Notable Friendships: Fostering Patronage through Correspondence, spans
several countries, gender issues, and personal/professional patronage issues.
Lynee Lewis Gaillet, lgaillet@gsu.edu.
Our panel explores Italian, British, and American eighteenth-century intellectual friendships through
examination of several sets of correspondence. Spanning mid eighteenth-century through the early
nineteenth century, our correspondents illustrate eighteenth-century issues of gender restrictions and
experiences, patronage and opportunity, education and advancement.
Imagining (Dis)Connection in the Long Eighteenth-Century.

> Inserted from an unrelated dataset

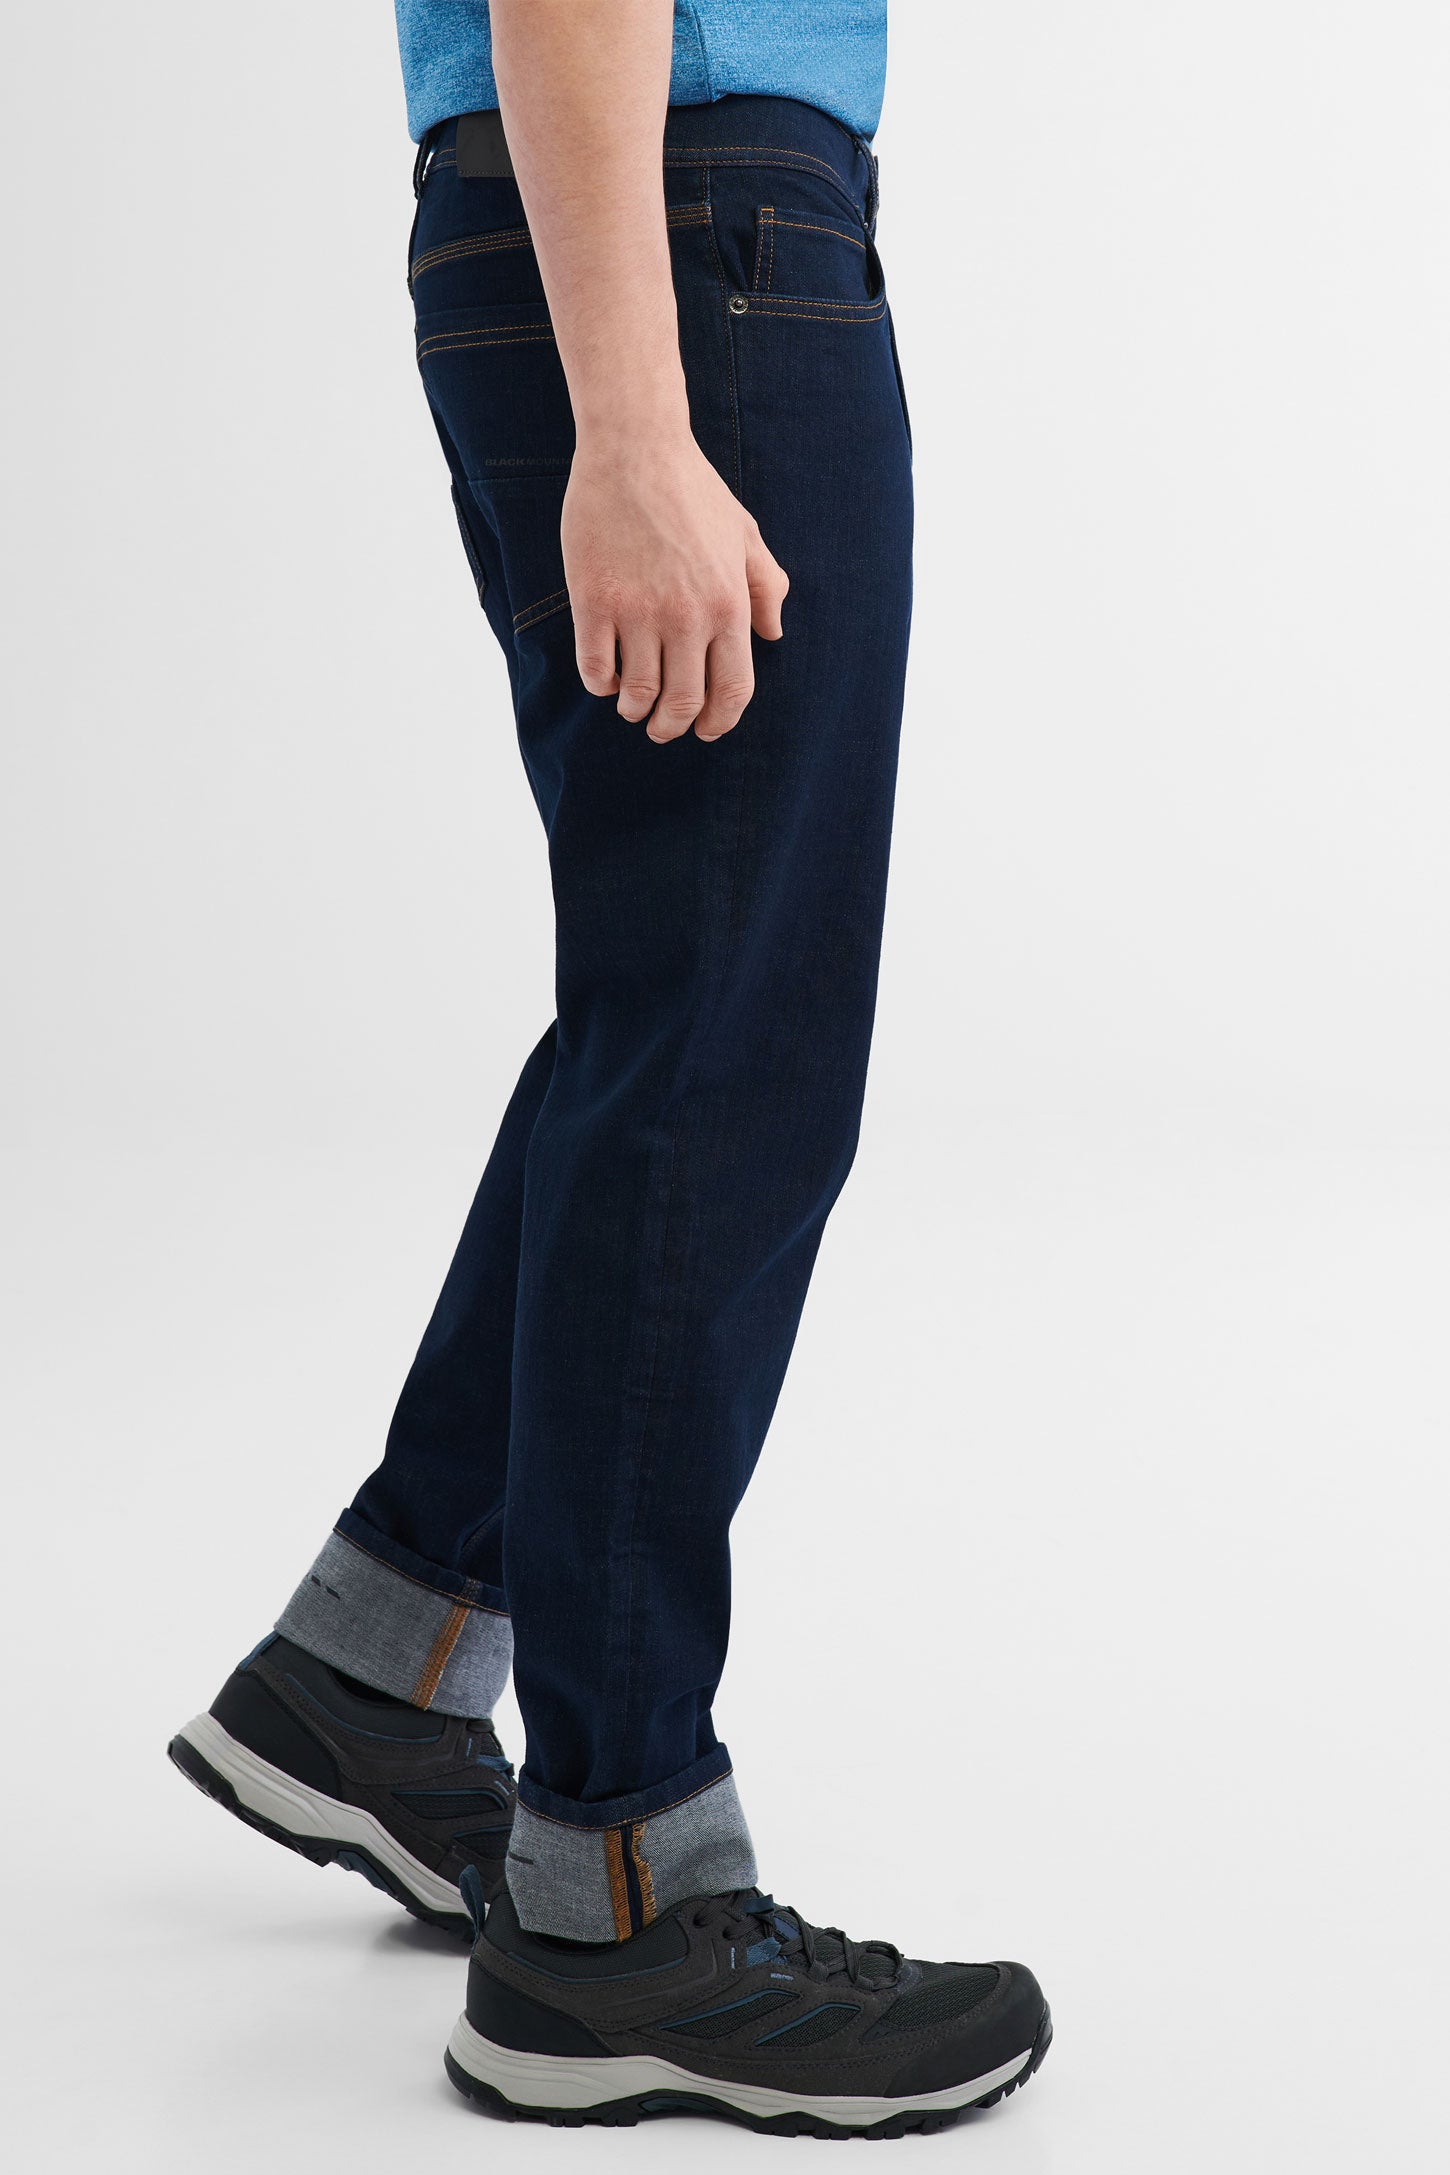 Jeans extensible 4 sens BM - Homme && DENIM FONCE

Jordan Fletcher Hobson, jhobson4@gsu.edu
As this year’s conference explores friendship, we hope to examine the myriad and sometimes contradictory
(dis)connections and affinities between varieties of texts and the discourses they represent. We analyze the
epistemological, ontological, and aesthetic kinships within and between these discourses. Each of the
essays on the panel troubles the ‘standard’ interpretations of rhetorical and symbolic structures.
Fueling Friendship: The Mutual Expenditure of Energy.
Baerbel Czennia, bczennia@mcneese.edu
This panel invites papers from scientists and historians, as well as those who prefer to read the title as
metaphor.
Adventures in Opera.
Gloria Eive, geive@silcon.com
Whimsy? Humour? Heroism? Enlightenment and Masonic manifestos? Nobility? All this and more in
Mozart's The Magic Flute!
Selfhood and Freedom in the Enlightenment
Michael Matthis, Michael.matthis@lamar.edu
The Enlightenment expressed a celebration of new freedoms in the realm of science and government. At
the same time it involved great skepticism toward traditional metaphysical concepts, such as those of free-will
and selfhood. Any paper on these issues, involving any philosophical connection to the 18th century,
is welcome.
Religion in the Age of Enlightenment
Brett McInelly, brett_mcinelly@byu.edu
This panel invites papers that examine (1) religion and religious attitudes and practices during the age of
Enlightenment; (2) the impact of the Enlightenment on religion, religious thought, and religious experience;
and (3) the ways religion informed Enlightenment ideas and values, from a range of disciplinary
perspectives, including, but not limited to, history, theology, literature, philosophy, the social and physical
sciences, economics, and the law.
Interdisciplinary Approaches to the Long Eighteenth Century
Kathryn Stasio, kathryn.stasio@saintleo.edu
Various disciplines and approaches will be represented.